Try it: Starting at the line with "Clipart tent vintage circus, Clipart", copy each line through the last one below exactly as written, without any pictures.

Data provided:
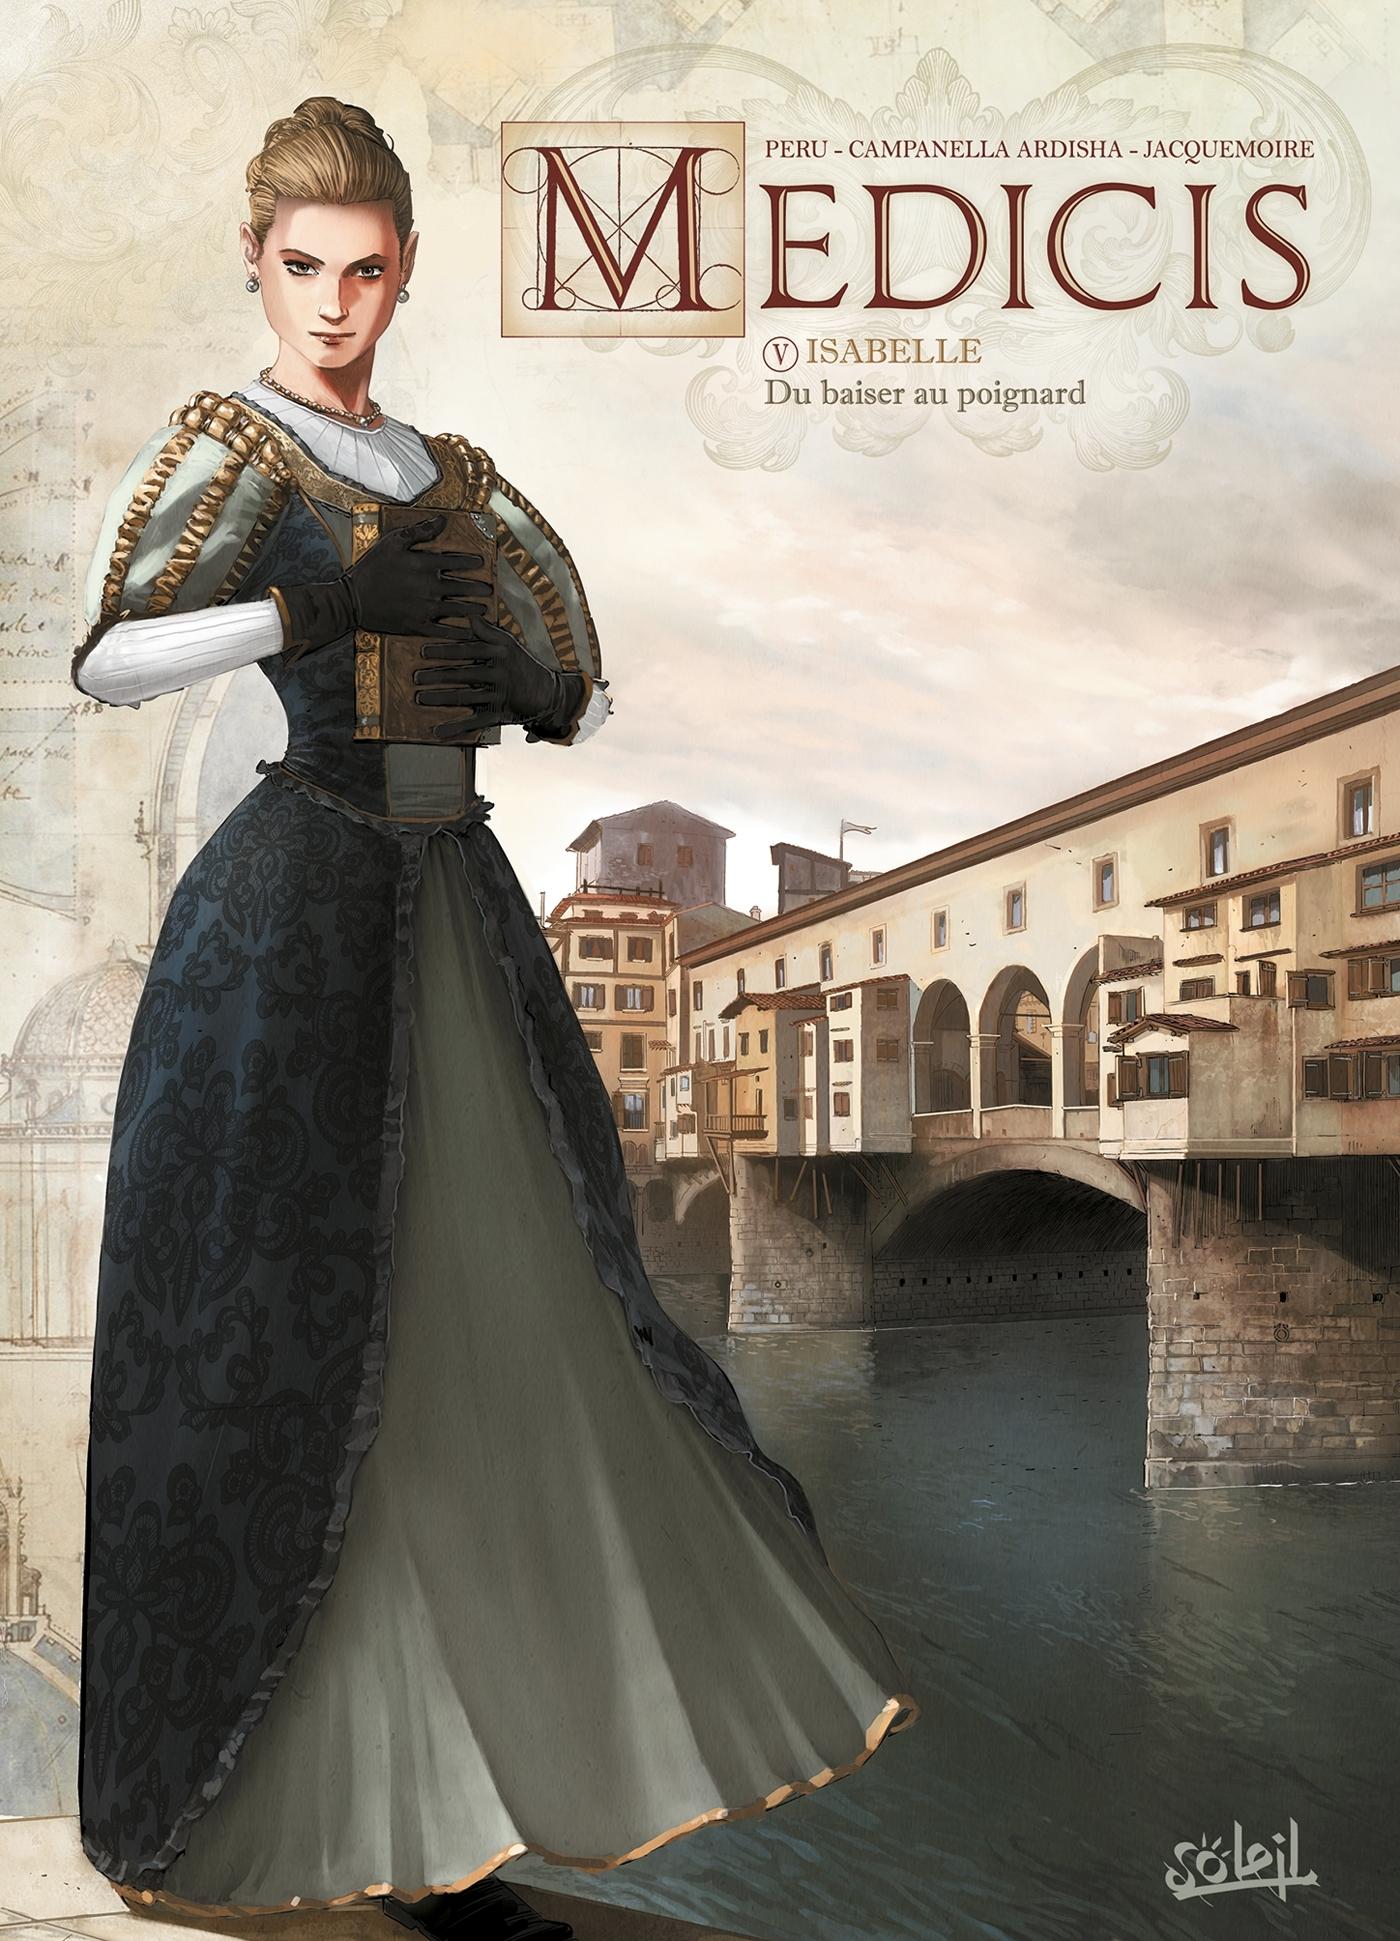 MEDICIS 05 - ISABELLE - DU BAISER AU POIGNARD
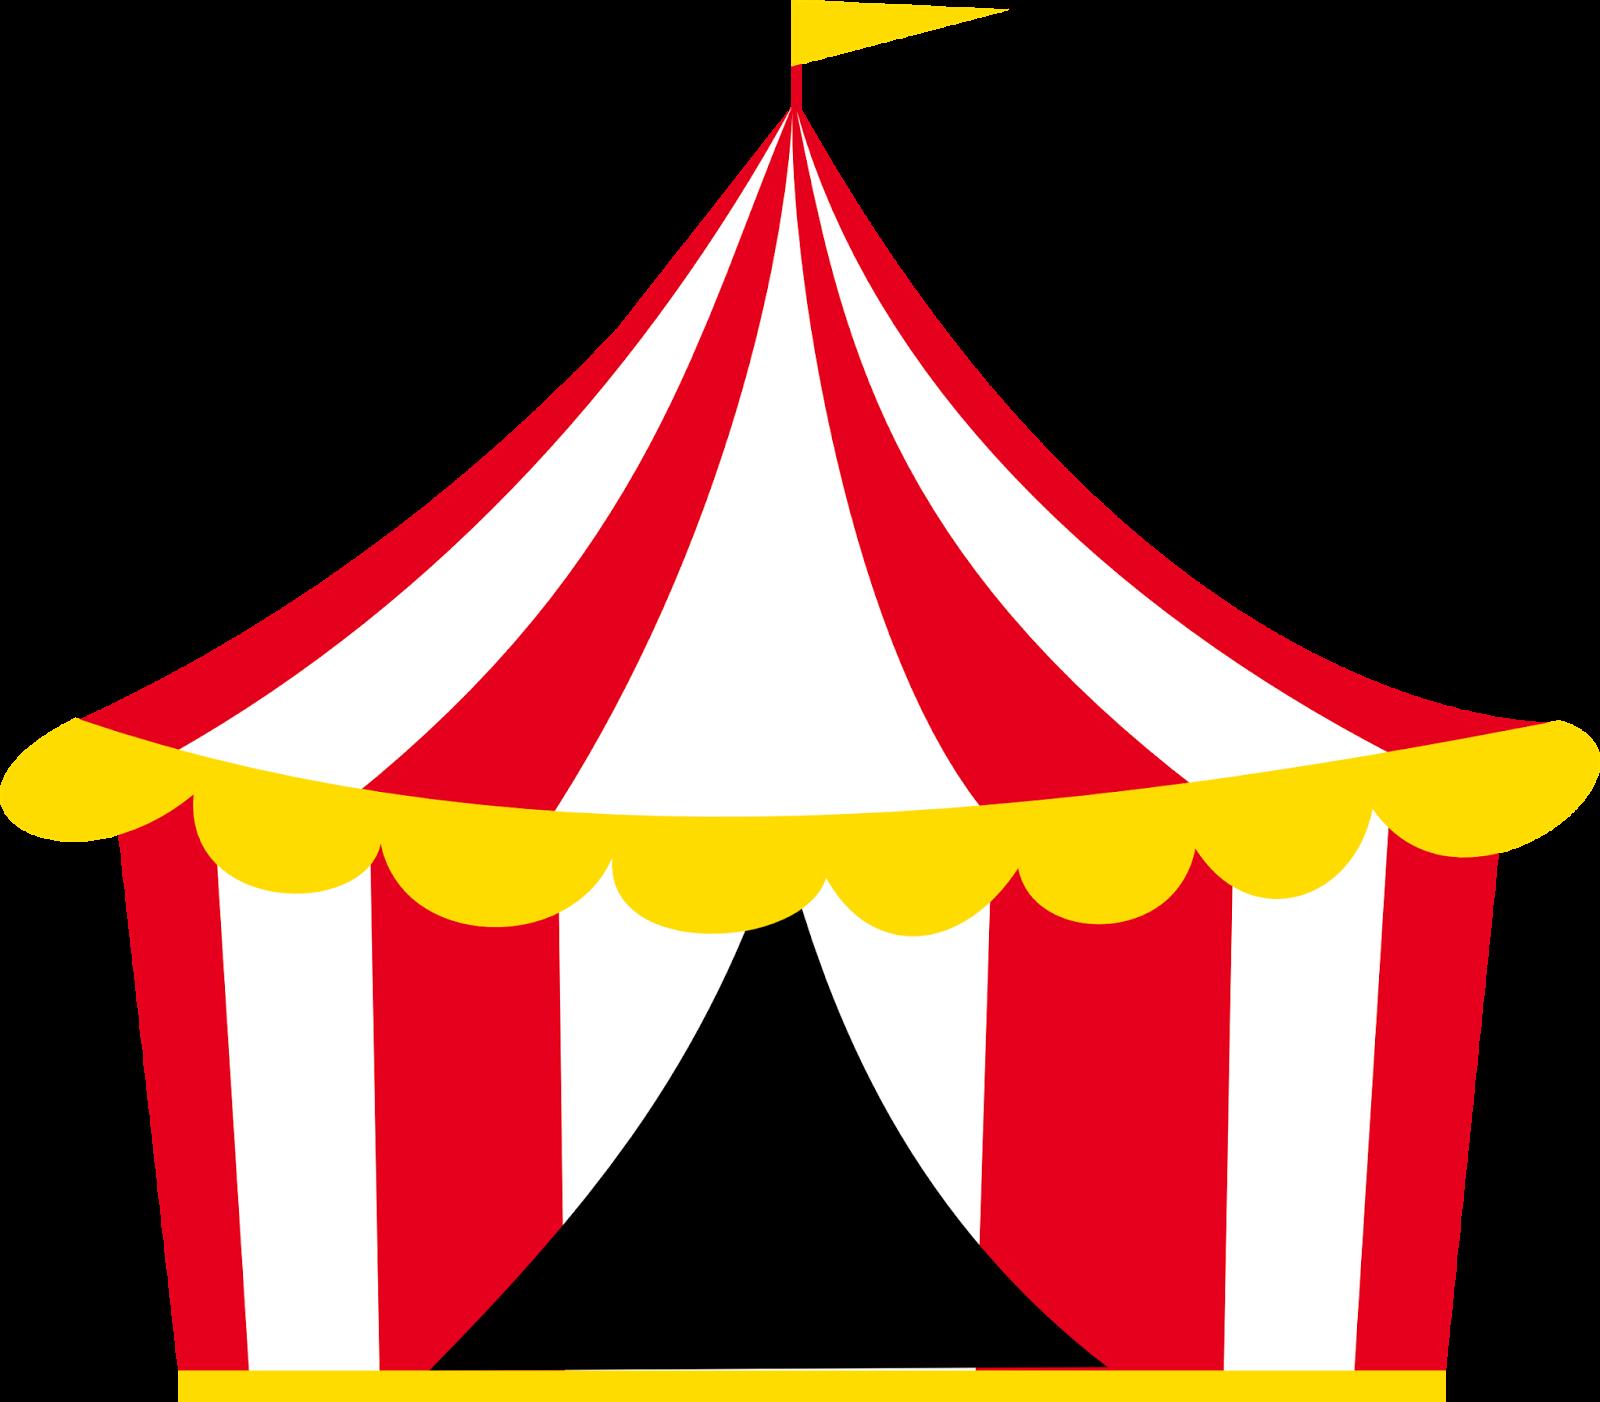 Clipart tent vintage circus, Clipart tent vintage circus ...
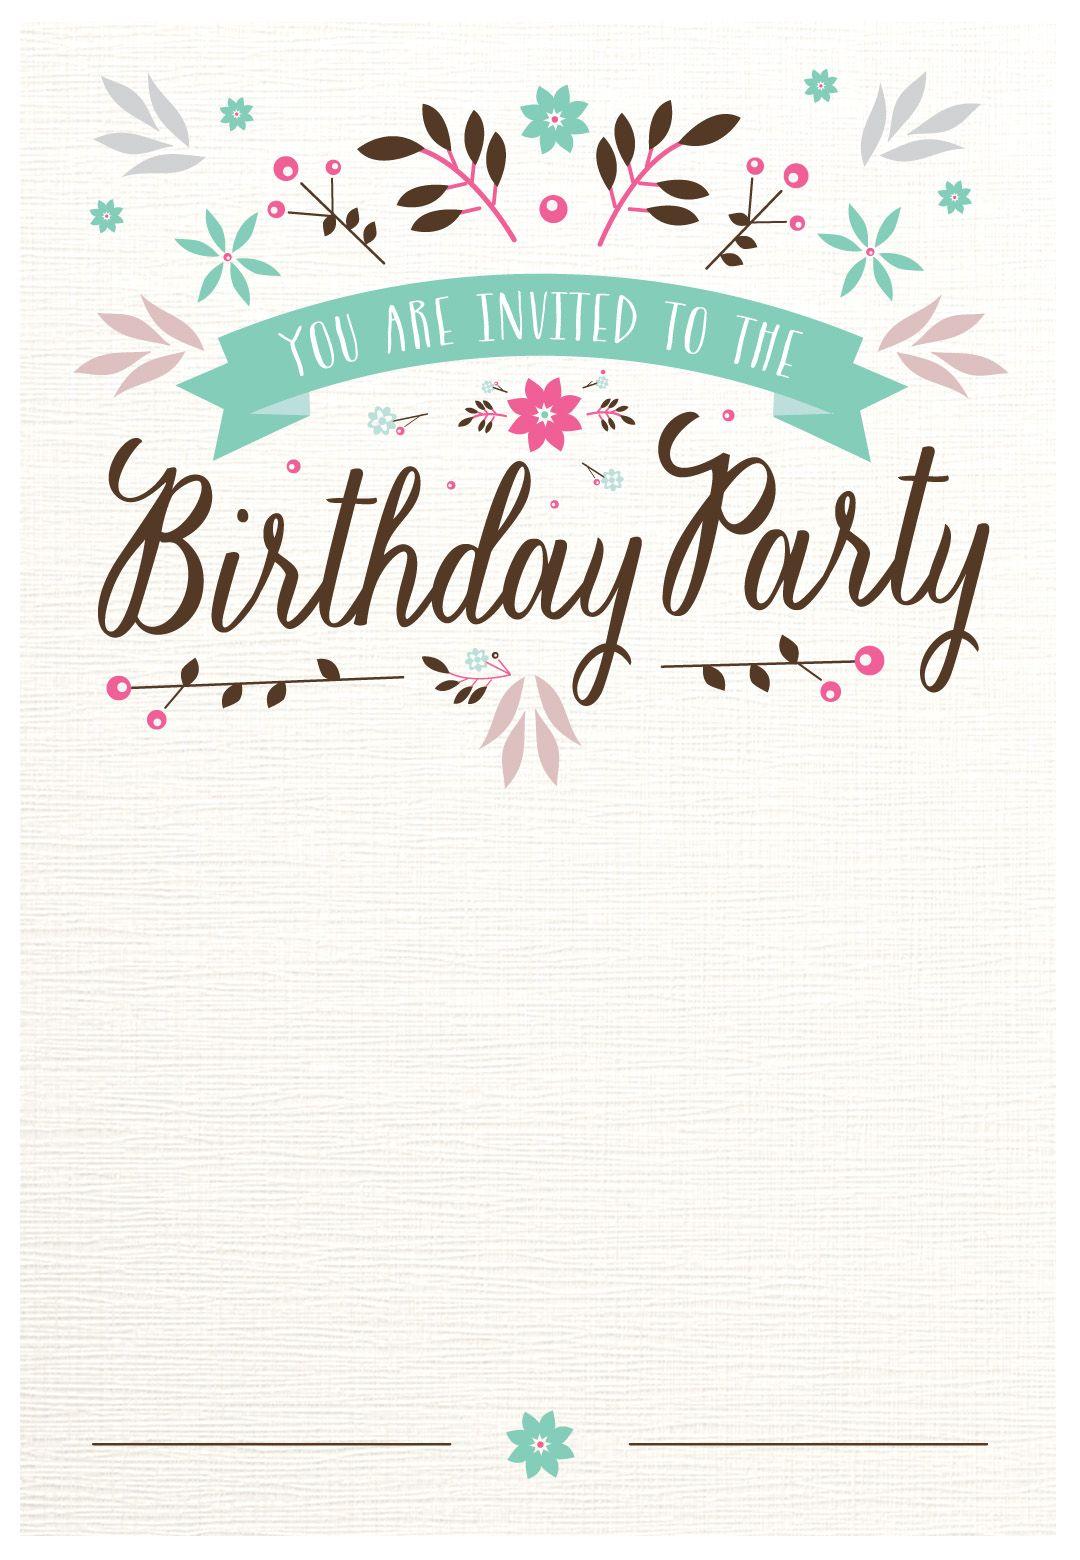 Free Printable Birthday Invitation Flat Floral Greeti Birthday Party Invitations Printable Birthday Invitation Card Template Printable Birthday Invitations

Completed exercise:
 Clipart tent vintage circus, Clipart tent vintage circus ...
 Free Printable Birthday Invitation Flat Floral Greeti Birthday Party Invitations Printable Birthday Invitation Card Template Printable Birthday Invitations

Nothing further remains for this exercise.